Lakeshore motif under scrutiny
Homes dominating the natural landscape of the lake will be an issue that takes center stage at a Tahoe Regional Planning Agency meeting Wednesday.
This meeting is likely to be as emotional as one held last month, which drew dozens of lakeshore homeowners. They spoke against the agency’s proposal to revamp a method used to determine how homes, and other structures, affect the scenic quality of Lake Tahoe’s shoreline.
A report released by the agency, the 2001 Threshold Evaluation, says scenic quality at the Lake Tahoe Basin, especially along the shoreline, is in decline and has been since 1991.
At a meeting last month, the Advisory Planning Commission, an arm of the TRPA which reviews proposals before they’re voted on by the governing board, asked staff to provide specific examples of how the new system would affect existing houses and future projects.
This week, staff is expected to present those examples and answer a number of questions asked by APC members and the public, such as: Why wouldn’t a larger section of a house be allowed to face the lake if the home is being built on a larger piece of property?
The agency’s answer, in part, has been to increase a proposed cap in the system to allow 3,300 square feet of a home, if screened sufficiently, to face the lake instead of 2,200, presented at last month’s meeting.
Jan Brisco, executive director at Tahoe Lakefront Owners’ Association, said despite the change, the people she represents still aren’t satisfied with the proposed system.
“It was 4,500 square feet,” Brisco said. “It’s a moving target.

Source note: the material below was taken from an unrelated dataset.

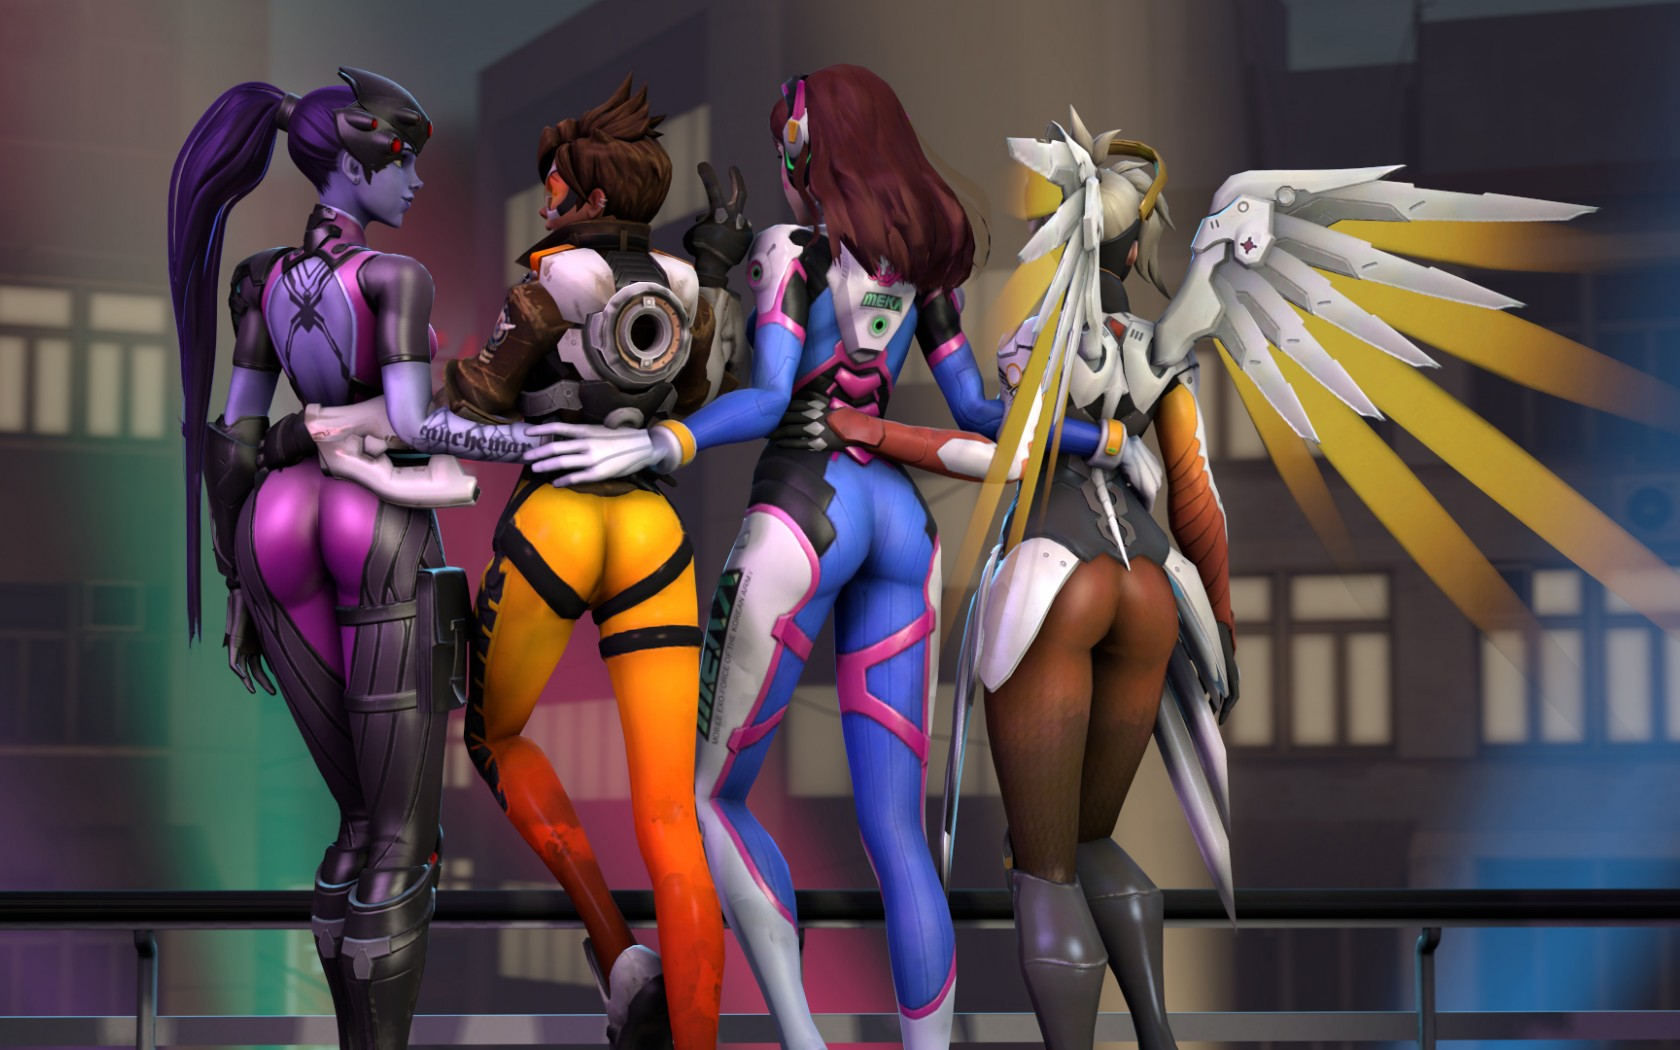 overwatch-sexy-girls-character-wallpapers.jpg

The only way to get to 3,300 is to get a perfect score in every category.”
The system aims to calculate visual magnitude of structure, or how much it contrasts with the natural landscape.
White paint and a shiny metal roof are the last things the TRPA wants to see. But if a home is painted an earthtone color, screened with vegetation, and architecturally designed to blend with the landscape, it will be easier to get a desired project approved.
“(The new system) is not really that different from what we’re already doing,” said Jill Keller, agency spokeswoman. “We’re taking a system that’s more subjective and making it quantifiable. People are scared, I don’t know how to explain it.
“Think of the millions of people who come here to see the clear water, trees, (and) natural landscape. That voice really hasn’t been well represented at the public meetings. In all the surveys, people say they prefer the natural beauty of Tahoe.”
Brisco said the system would create a disincentive for lakefront homeowners to work with the TRPA. That’s because it requires scenic improvements to existing homes before a project, such as a new garage or deck, can be permitted by the agency.
“An $11,000 deck repair might require a $30,000 roof job,” Brisco said. “Is that fair? That’s an example of how the system is inequitable.
“We’re not saying ‘Let’s have no system,’ we’re objecting to this system,” she said. “This system needs more work and more time. We’ve had this document for less than a month. They need to do a cumulative analysis on how many houses are in attainment and out of attainment.”
TRPA staff memberJohn Hitchcock has been working on revamping the scenic review system for about a year. He has run at least 10 public workshops to gather suggestions. Since the last APC meetings, Hitchcock has met with interested parties, as has Juan Palma, executive director of the agency.
“In 1991, the first threshold evaluation, it noted scenic degradation; a trend toward building bigger more contrasting shore structures affecting scenic quality,” Hitchcock said. “Business as usual is not working. Scenic is still declining.”